Lapland Longspur

Calcarius lapponicus Order: Passeriformes Family: Calcariidae (Longspurs and Snow Buntings)
Calcarius lapponicus Order: Passeriformes Family: Calcariidae (Longspurs and Snow Buntings)

The Lapland Longspur is one of the most abundant breeders in North America, spending winter days in the Lower-48 on farm fields where birders flock to see it hanging out with Snow Buntings and Horned Larks. The winter plumage may be a bit drab, but the breeding plumage is strikingly beautiful.
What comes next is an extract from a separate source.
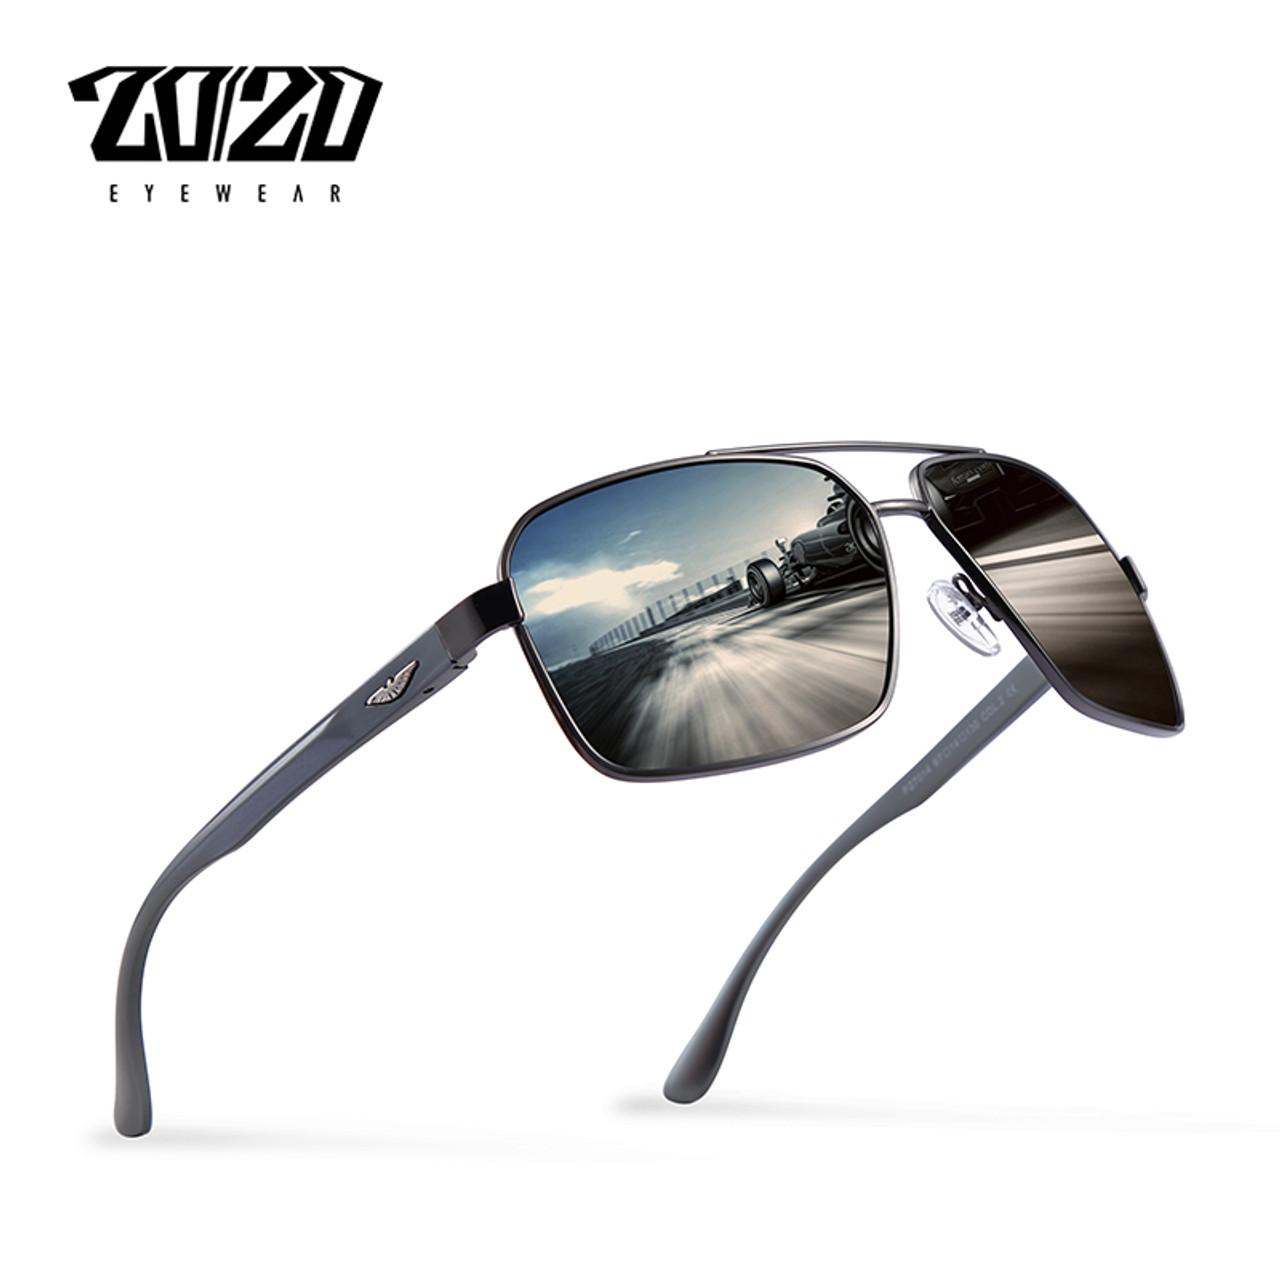 c0b9218444 20 20 Brand Design New Aluminum Polarized Sunglasses Men Travel Driving Sun Glasses  Classic Male Eyewear Gafas PZ7014 - OnshopDeals.Com

I saw my lifer on Labor Day weekend in 1975 at the beach along Sand Point in the Apostles Islands National Lakeshore and saw many more in the open areas in Columbia County near Madison during the years we lived there. I’ve also seen them many times along the North Shore of Lake Superior and at Park Point during the years we’ve lived here, and on October 1, 1990, saw a small flock right on Peabody Street for my yard list! My most thrilling sightings were in the Nome area of Alaska in June 2022, when the birds were in breeding plumage.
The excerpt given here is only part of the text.